PostgreSQL
==========
There are a handful of clusters which are based on the [twitch_postgresql module](https://git.xarth.tv/systems/puppet/tree/master/modules/twitch_postgresql) which will be documented here. The d8a team focuses on these clusters. Usually, clusters have a matching hiera file for configuration which matches the fqdn prefix. For example, the rails-postgres cluster (SiteDB) is configured in [hiera/cluster/rails-postgres.yaml](https://git.xarth.tv/systems/puppet/blob/master/hiera/cluster/rails-postgres.yaml). This configuration, along with the [known data hosts](https://docs.google.com/a/justin.tv/spreadsheets/d/1DEBj2luk73MZfGcQblEejkKvUrT-iaXGtbaEFDixcsc/edit?usp=sharing) is a good starting point for seeing how the cluster works.

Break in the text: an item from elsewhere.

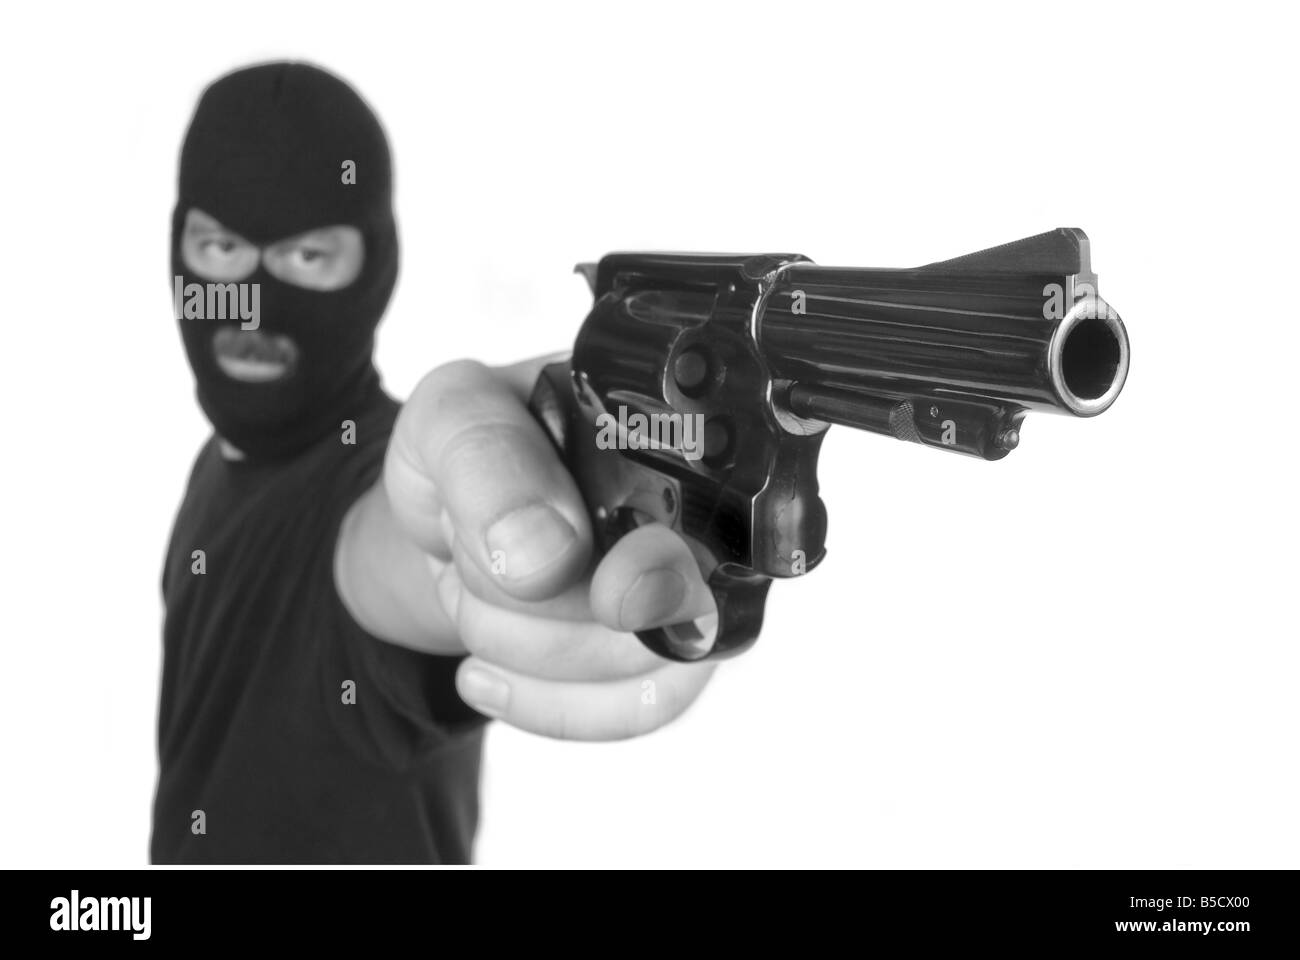 Eine Räuber mit versteckten Gesicht zeigt seine Waffe in einem Raub-Versuch Stockfoto

Most of the clusters have a single master.

Traffic Routing
---------------
Traffic routing is usually wired from the client to a server through a client localhost HAProxy listening. This is so that if a back-end fails, HAProxy can route to the correct node. You can find routing information by checking the HAProxy configuration of a client node or in the [HAProxy backend files](https://git.xarth.tv/systems/puppet/tree/master/modules/twitch/manifests/haproxy/backends). Most of the time HAProxy routes to a PGBouncer process rather than directly to a database. PostgreSQL listens on port 5432 while PGBouncer listens on any of ports 6542, 6543, 6544. The PGBouncers are configured to talk to a single back-end.

PGBouncer
---------
PGBouncer is a PostgreSQL protocol aware proxy which allows us to maintain a many-to-few connection mapping by keeping a lightweight connection in PGBouncer and saving the expensive PostgreSQL back-ends for connections that are currently running queries.

PGBouncer is usually running on the same host as PostgreSQL and listens on any of ports 6542, 6543, 6544. For some clusters (EG, SiteDB and UsherDB) there is a cluster of PGBouncer hosts pointing at the current master.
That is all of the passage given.